Regal v. County of Santa Clara
5:22-cv-04321
N.D. Cal.May 31, 2025Background
- Plaintiffs, the children of Frederick Inea Regal (deceased), bring Section 1983 claims against Santa Clara County, alleging unconstitutional failures in jail suicide prevention after Regal died by suicide in custody.
- Plaintiffs act individually and as successors in interest to their father.
- The parties filed various motions in limine (pretrial requests to admit or exclude evidence); the court held a final pretrial conference and issued oral and written rulings.
- Plaintiffs seek noneconomic damages only, focusing on emotional harm from the loss of familial association.
- The parties’ disputes center on the admissibility of evidence about subsequent remedial measures, specific expert testimony, the decedent's prior arrests, drug use, and jail procedures both before and after Regal’s death.
Issues
| Issue | Plaintiff's Argument | Defendant's Argument | Held |
|---|---|---|---|
| Admissibility of subsequent suicide prevention measures | Such evidence admissible to show feasibility under Rule 407 | Measures are irrelevant or prejudicial; some are not "subsequent" measures | Admitted for suicide-resistant cells (subject to Rule 403 objection); deferred on 8A and Ferguson blankets |
| Exclusion of recorded family phone call (Wiretap Act) | Federal Wiretap Act prohibits use; no valid consent | Objection waived and vicarious consent applies; recording mother was a party | Granted; Wiretap Act bars admission, vicarious consent not recognized in 9th Circuit |
| Exclusion of defense life care plan expert | Only economic damages; not relevant as only noneconomic damages at issue | Plan provides data point for jury on damages or mitigation | Granted; irrelevant and risk of jury confusion outweighs minimal relevance |
| Exclusion of arrest and drug evidence (liability/damages) | Details irrelevant and prejudicial as not relied on in suicide risk assessment | Relevant to liability and to jury’s damages determination | Granted for liability but denied for damages; limiting instruction permitted |
| Admissibility of evidence about consent decree | Not to base liability, only as notice of suicide prevention standards | Non-compliance irrelevant; consent decree goes beyond Constitution | Granted in part; only admissible as notice, not as basis for liability |
| Exclusion/limitation of expert testimony (Boesky, Swanson, Kaftarian) | Boesky/Swanson helpful for jury on causation, damages; cross of Kaftarian should be broad | Boesky unqualified re: Monell causation/standard of care; Swanson lacks data; Kaftarian cross should be limited | Boesky and Swanson partially admissible; Swanson barred from opining on >25 seconds consciousness; Kaftarian cross scope deferred |
| Exclusion of alleged missed 15-minute checks | Irrelevant as the practice is not at issue, only custom/policy is at issue | Missed checks are isolated, not systemic; prejudicial | Granted; evidence excluded except for possible impeachment |
Key Cases Cited
- Gordon v. Cnty. of Orange, 6 F.4th 961 (9th Cir. 2021) (Describes 1983/Monell causation "moving force" element)
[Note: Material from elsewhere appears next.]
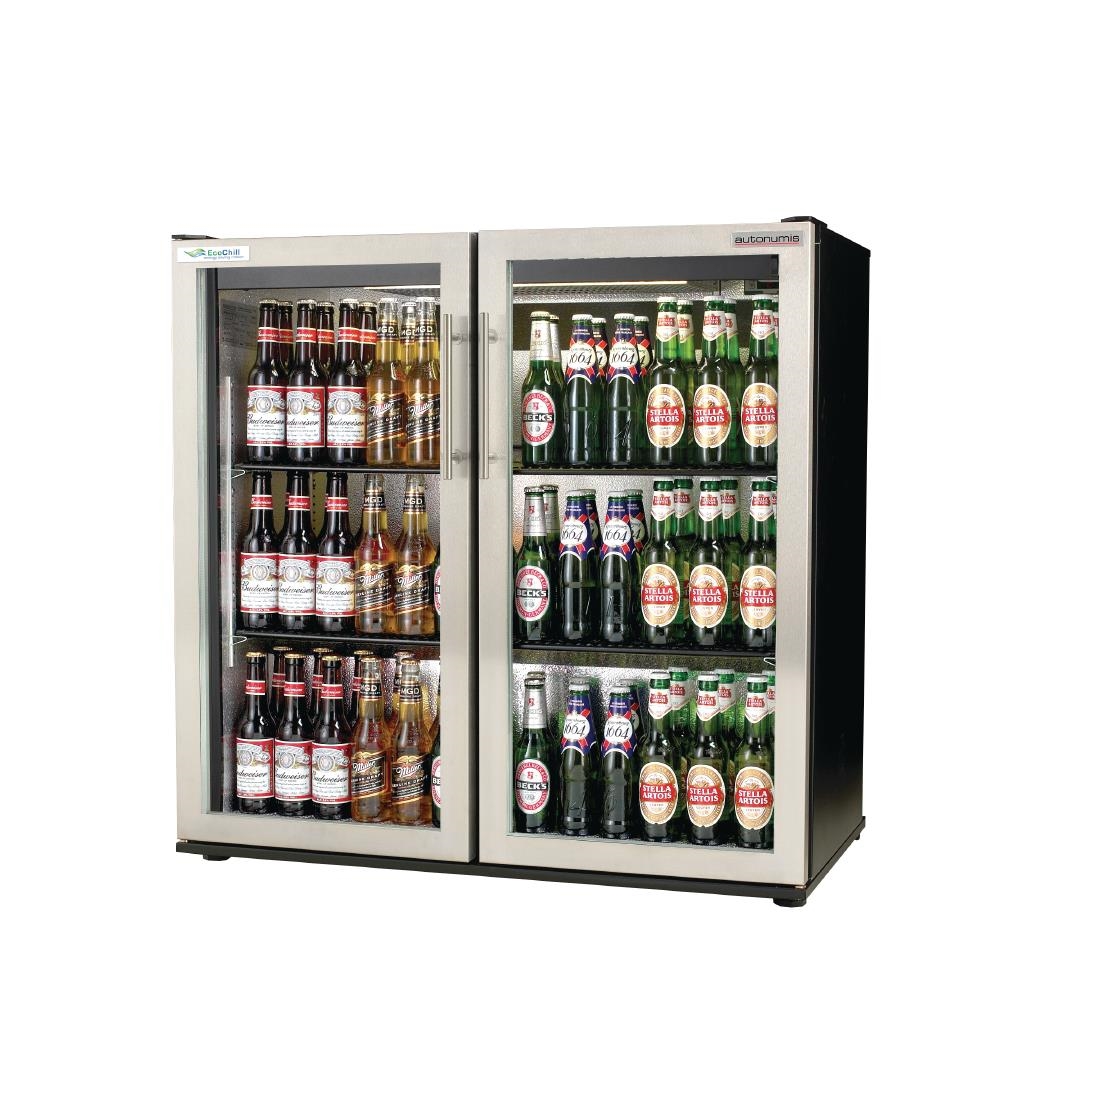 Refrigeration & Ice Machines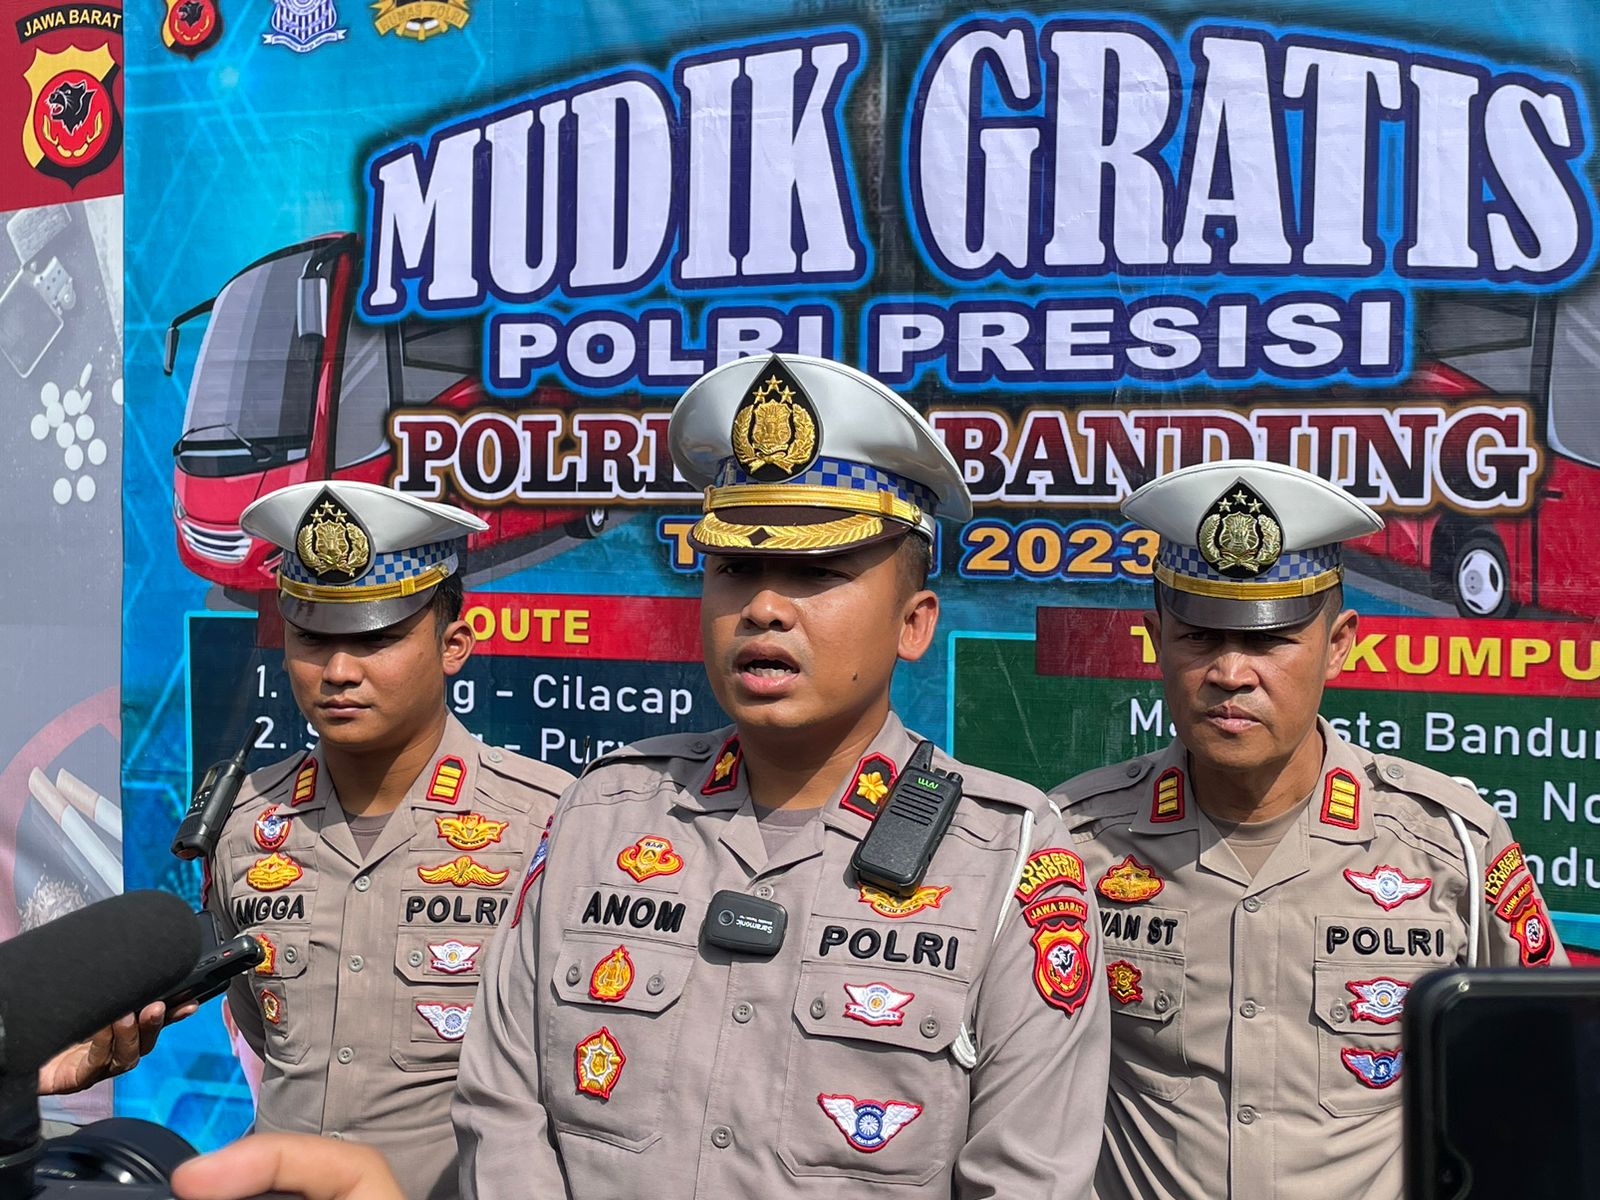 Polresta Bandung Sediakan 200 Kursi Mudik Gratis

- Farmer v. Brennan, 511 U.S. 825 (1994) (Deliberate indifference standard under Eighth Amendment)
- Taylor v. Barkes, 575 U.S. 822 (2015) (No clearly established right to specific suicide prevention protocols)
- Krouse v. Graham, 19 Cal. 3d 59 (Cal. 1977) (Factors for loss of companionship damages)
- Allen v. Toledo, 109 Cal. App. 3d 415 (Cal. Ct. App. 1980) (Life expectancy relevant to damages)
- Trevino v. Gates, 99 F.3d 911 (9th Cir. 1996) (Custom/policy must be persistent and widespread, not isolated)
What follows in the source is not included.